Подведу короткий итог – хотя, впрочем, у истории итогов нет. Франция 1793 – это год великого возрождения, но в его натиске слышится звук батальона палачей. Это год, когда человек думал, что делает мир лучше, и тем самым делал его страшней. Это год, когда слова о свободе и равенстве звучали как песни, а под ними, как неумолимый ритм, работала машина закона и смерти. И, наконец, это год, который учит нас одной жестокой истине: если идеал не обладает милосердием, то он неизбежно превращается в новый деспотизм, и в этом – всё горе человеческое.

Смотри же в это зеркало, читатель, и помни: подобные времена возвращаются не только в истории. Они входят в сердца людей, и если мы не будем бдительны, то сами, не замечая, посеем их в собственной земле.

Мировая обстановка 1793 года – это не просто география держав и линия фронтов на карте; это как бы некое общее, избирательно болезненное настроение планеты, которое тянет за собой и моря, и города, и отдельные человеческие сердца. Представьте себе некую громадную комнату, где все желают дышать, но каждый дышит в своё окно; где стены содрогаются от сумятицы, от шагов людей, которые то и дело входят, кричат, уходят и оставляют после себя запахи страха, выгоды и надежды. Вот она – Европа, весь мир – и везде слышна одна и та же нота: тревога. Тревога не тех, кто спокойно расходует жизнь и принимает порядок, а тех, кого потревожили идеи – новые, молниеносные, требующие немедленного взрыва.

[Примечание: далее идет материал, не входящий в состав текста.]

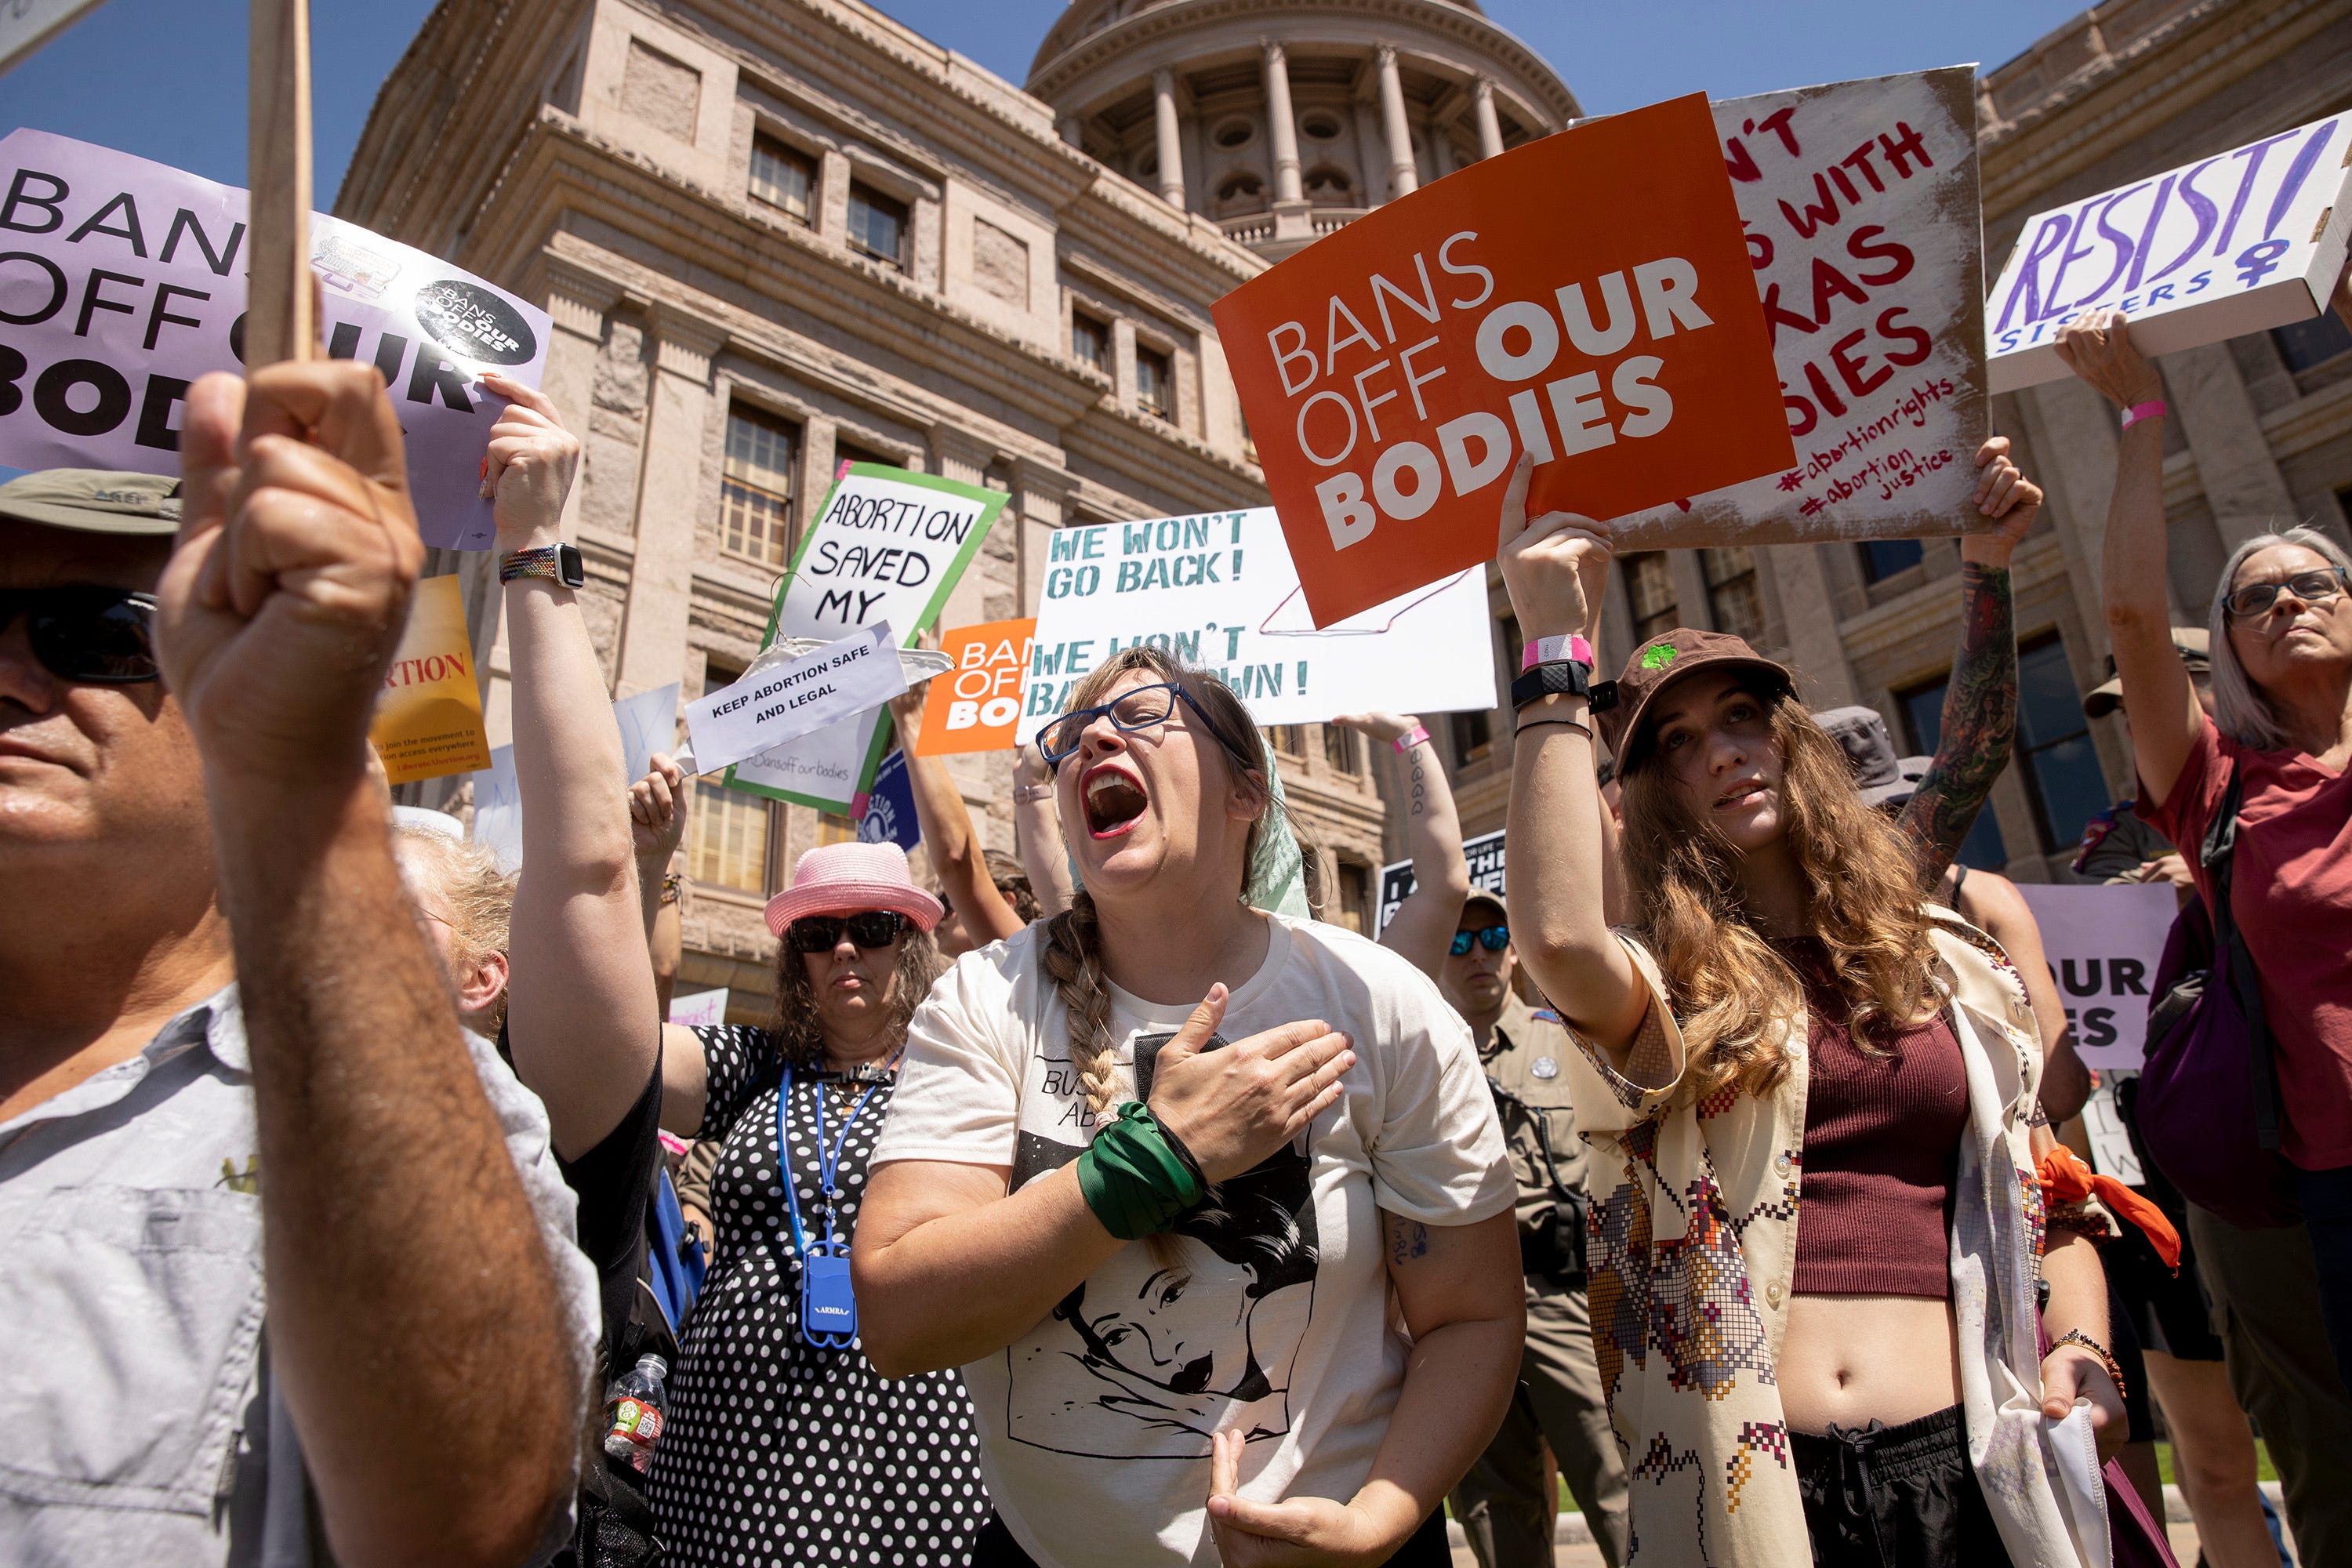 May 14 2022: People rally for abortion rights at the Capitol in Austin, Texas. Thousands of people form around Texas attended the Bans Off Our Bodies rally.

Вся Европа, видите ли, наблюдает и делает шаги. Монархии, привязанные к старым соглашениям и родовым страхам, не молчат; они шепчут друг другу на ухо, а кто посмелее – идёт к оружию. Возникает коалиция – не мирный совет, не обсуждение, а военное содружество страху и интересу. Австрия и Пруссия, Англия – все они чувствуют: если революция пройдет, как ураган через сад, то завтра она может дуть и в их садах. Они собирают полки, пересчитывают дукатов, проводят границами, и в их головах – расчёт и будто бы некая робость, как у отца, который видит, как сын входит в тюрьму и не знает, стоит ли удерживать его или позволить ему самому пройти этот путь. Всё это происходит не без корысти: кто-то считает, что старый порядок можно восстановить посредством силы, кто-то – тихо надеется на выгодную часть добычи; но все – в одинаковом страхе.

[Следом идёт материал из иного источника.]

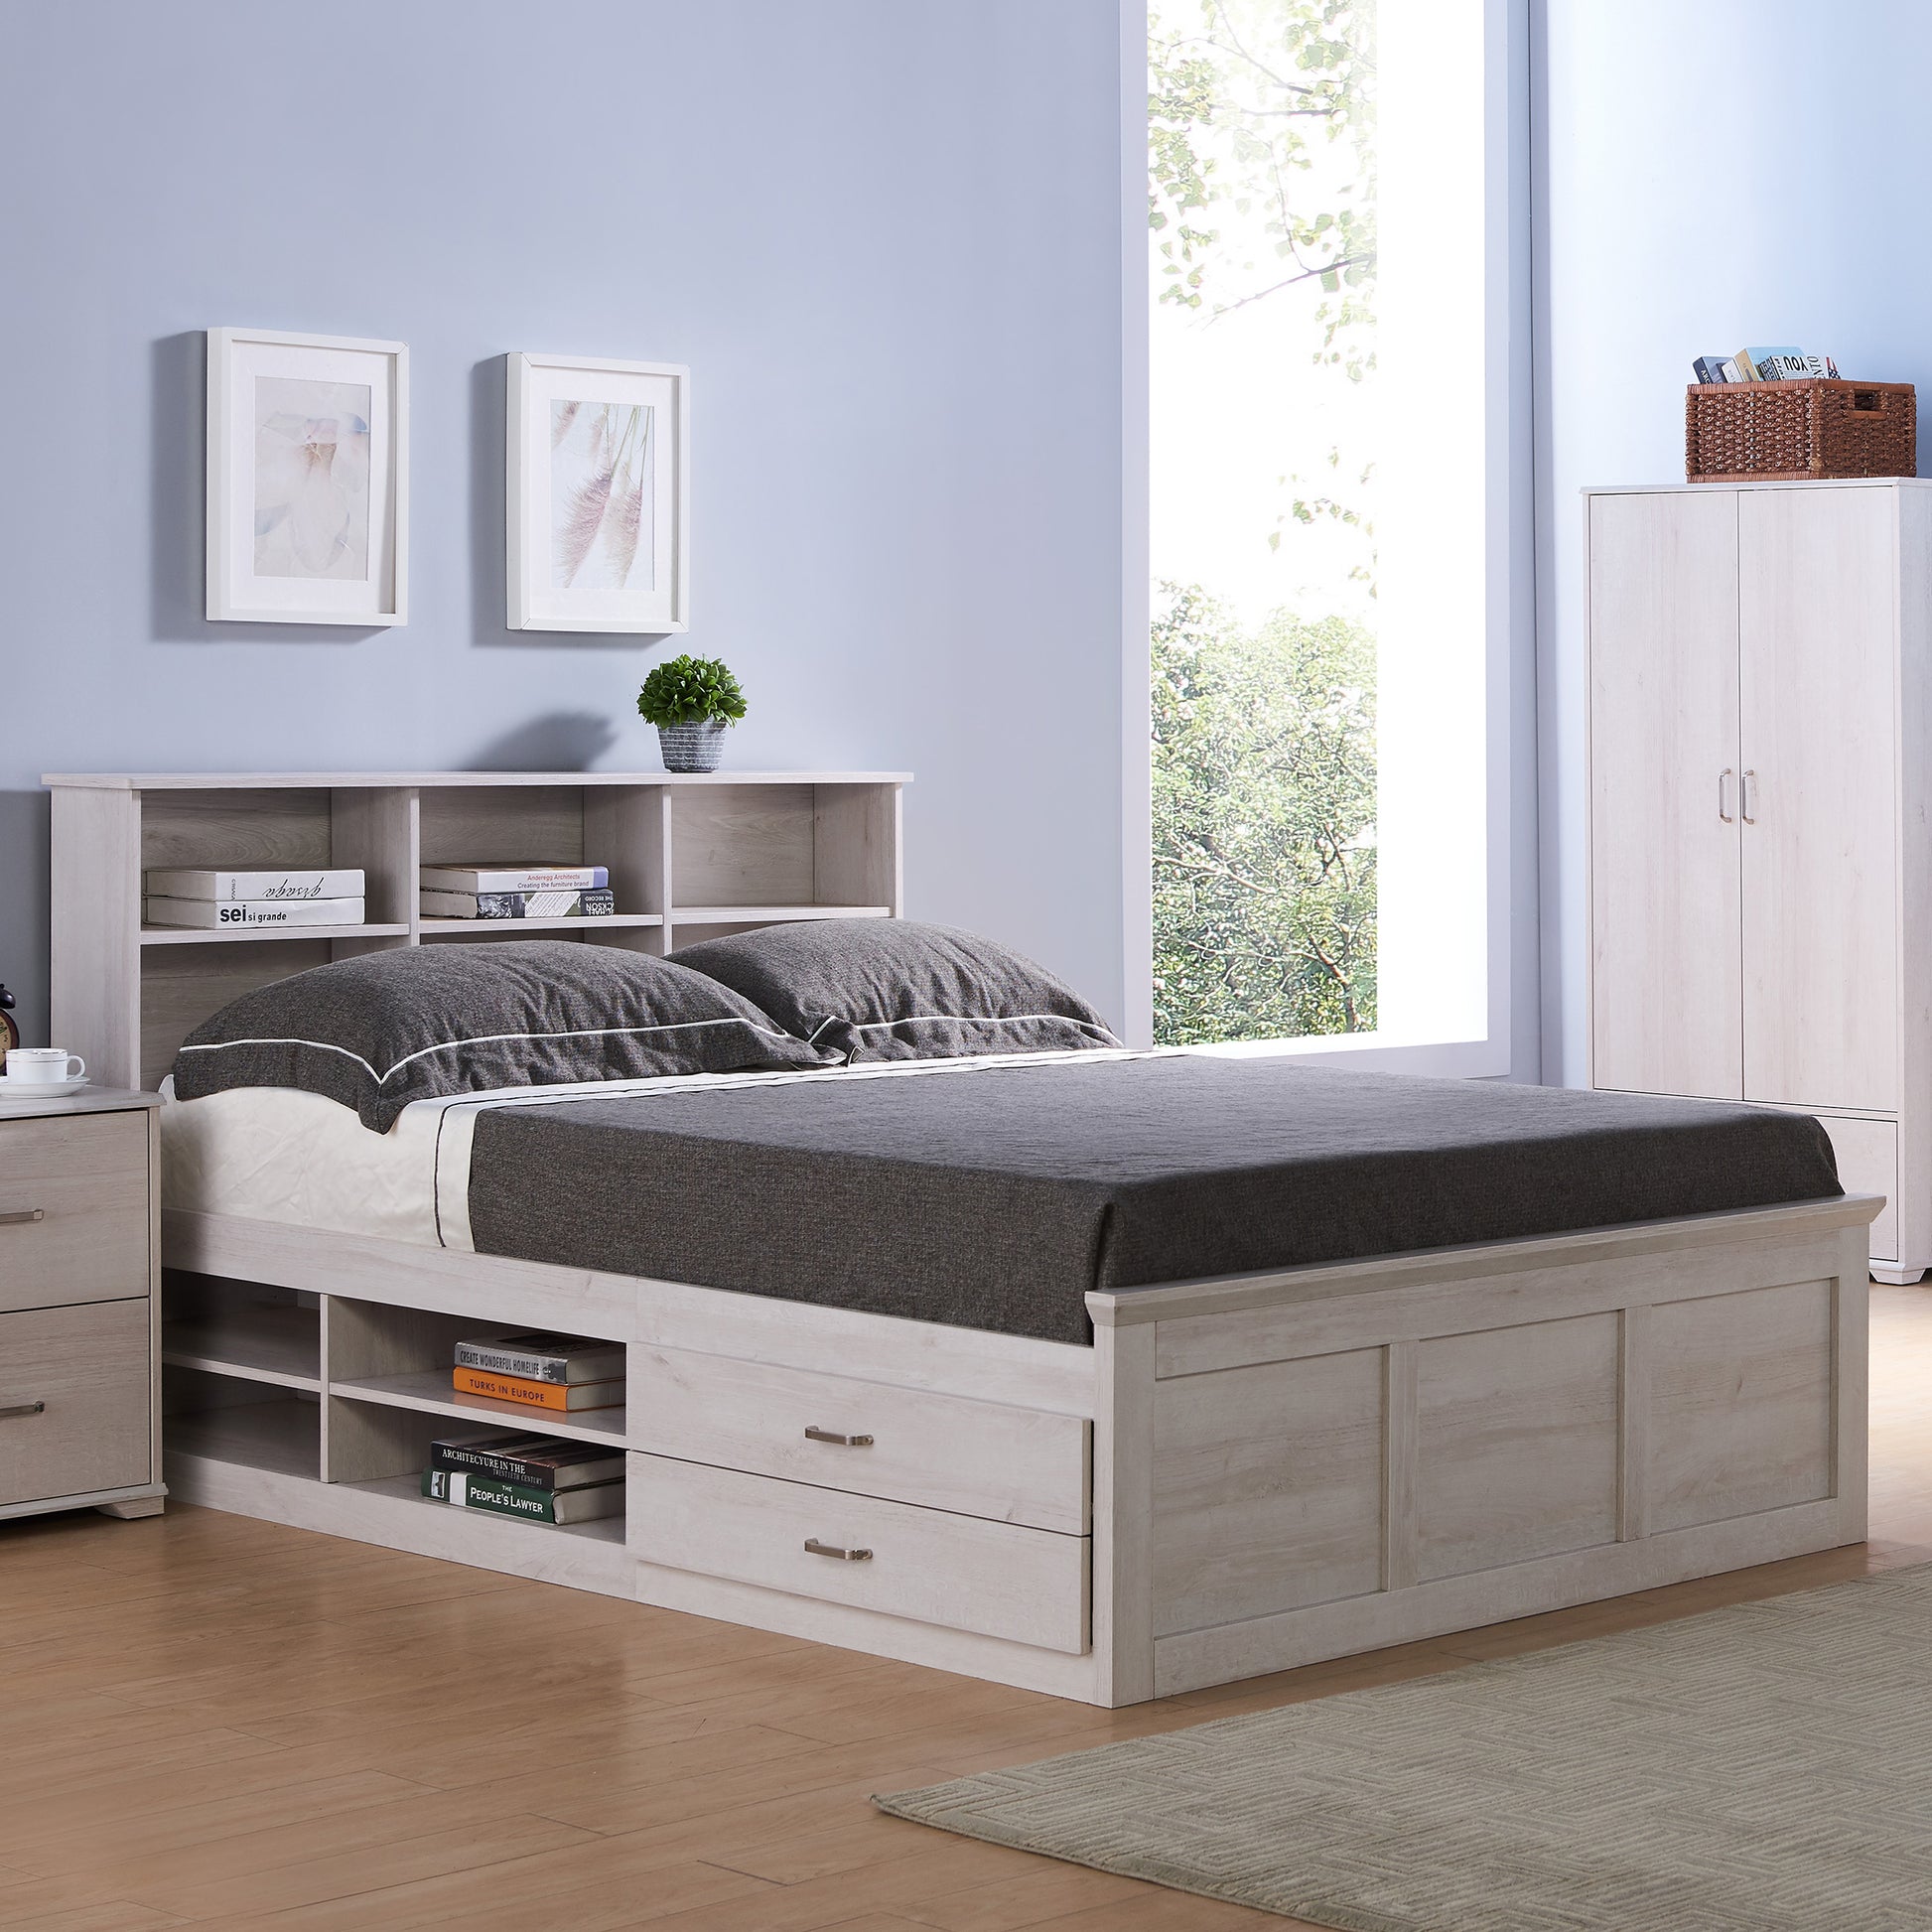 Right angled transitional white two-drawer four-shelf storage bed shown with optional bookcase headboard in a bedroom with accessories

Но богатый мир не замыкается в Европе. Восток глядит с иных сторон. Россия, под властью Екатерины, ведёт себя как женщина, которая долго терпела, но теперь без промедления берёт себе то, что считает нужным: политические интересы, расширение влияния, и, быть может, то грубое оправдание, которое всегда даёт любой короне – порядок и безопасность. В 1793 году Польша – бедная, измученная старинными узами – подвергается ещё одному разделу; два великих брата, Россия и Пруссия, находят в этой разделённой земле нечто, что можно поделить без большой чести, но с большой выгодой. И как же не вспомнить о судьбах простых людей? Их имена в этих документах не стоят; они – как трава, которую скашивают серпами истории. Польский народ, томимый и униженный, делает свой трагический шаг в сторону угнетения; он смотрит на мир и не видит там сострадания, видит лишь холодные руки, которые считают территории и говорят о целях государственной важности, не зная боли матери, похоронившей сына.

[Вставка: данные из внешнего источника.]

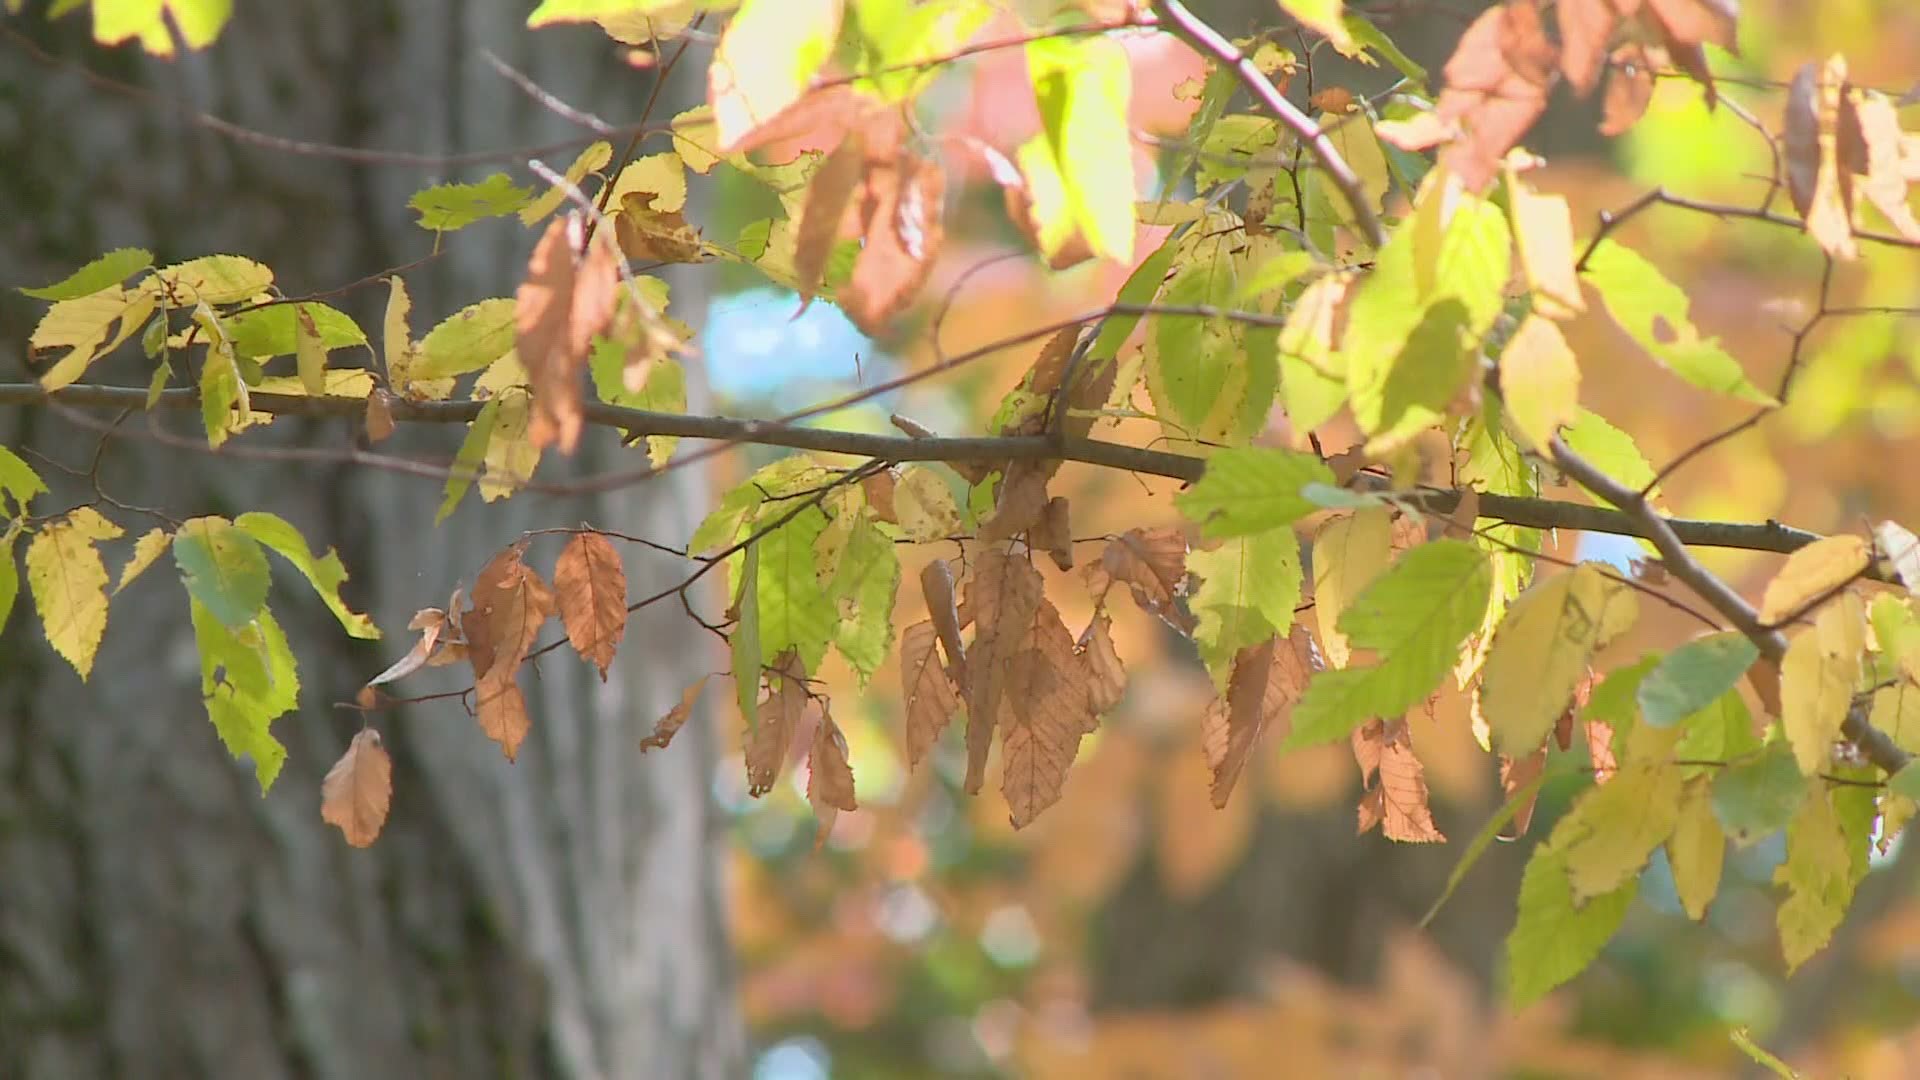 Experts say that some of the Maine foliage has hit early because of the drought conditions across the state

А что же Америка? Молодая республика, едва окрепшая от собственной битвы за независимость, смотрит на европейскую бурю с растерянностью и тревогой. В Соединённых Штатах уже делятся мнения: кто-то склоняется к Франции, видя в ней сестру по свободе; кто-то – к осмотрительности, к торговле и безопасности. Президент Вашингтон провозгласит нейтралитет, и это решение, как мне кажется, подобно бессмертному вздоху мудрости: молодой стране не стоит ввязываться в чужие распри, когда её собственные сосуды ещё не зажили после ран. Но и здесь – в американских городах, в портовых суматохах – ощущается подпольный жар: торговцы, мещане, фермеры – все они чувствуют изменение мирового климата и считают, как лучше вложить свои капиталы, как перевезти зерно, как спрятать золото.

Колониальные владения тоже не молчат. В далёких землях, где насаждали продукцию для прибылей европейских метрополий, вспыхивают восстания, зовут свободу или, по крайней мере, другой порядок. О, Сан-Доминго! Там грядёт нечто, что какой-нибудь историк в будущем назовёт великим потрясением: рабы восстают, и земля, привыкшая приносить сахар и кровь в корзинах европейских баронов, начинает сама требовать перемен. Восстание на острове, где люди поднялись против рабства, где угнетённые борются за жизнь и достоинство – всё это отзывается эхом в метрополиях. Колонии дрожат, губернаторы кусают губы, отсылая депеша и требуя войск. Для европейских держав это – сокрушительный вызов: им придётся либо реформировать систему, либо держать её в железных ланцюгах насилия.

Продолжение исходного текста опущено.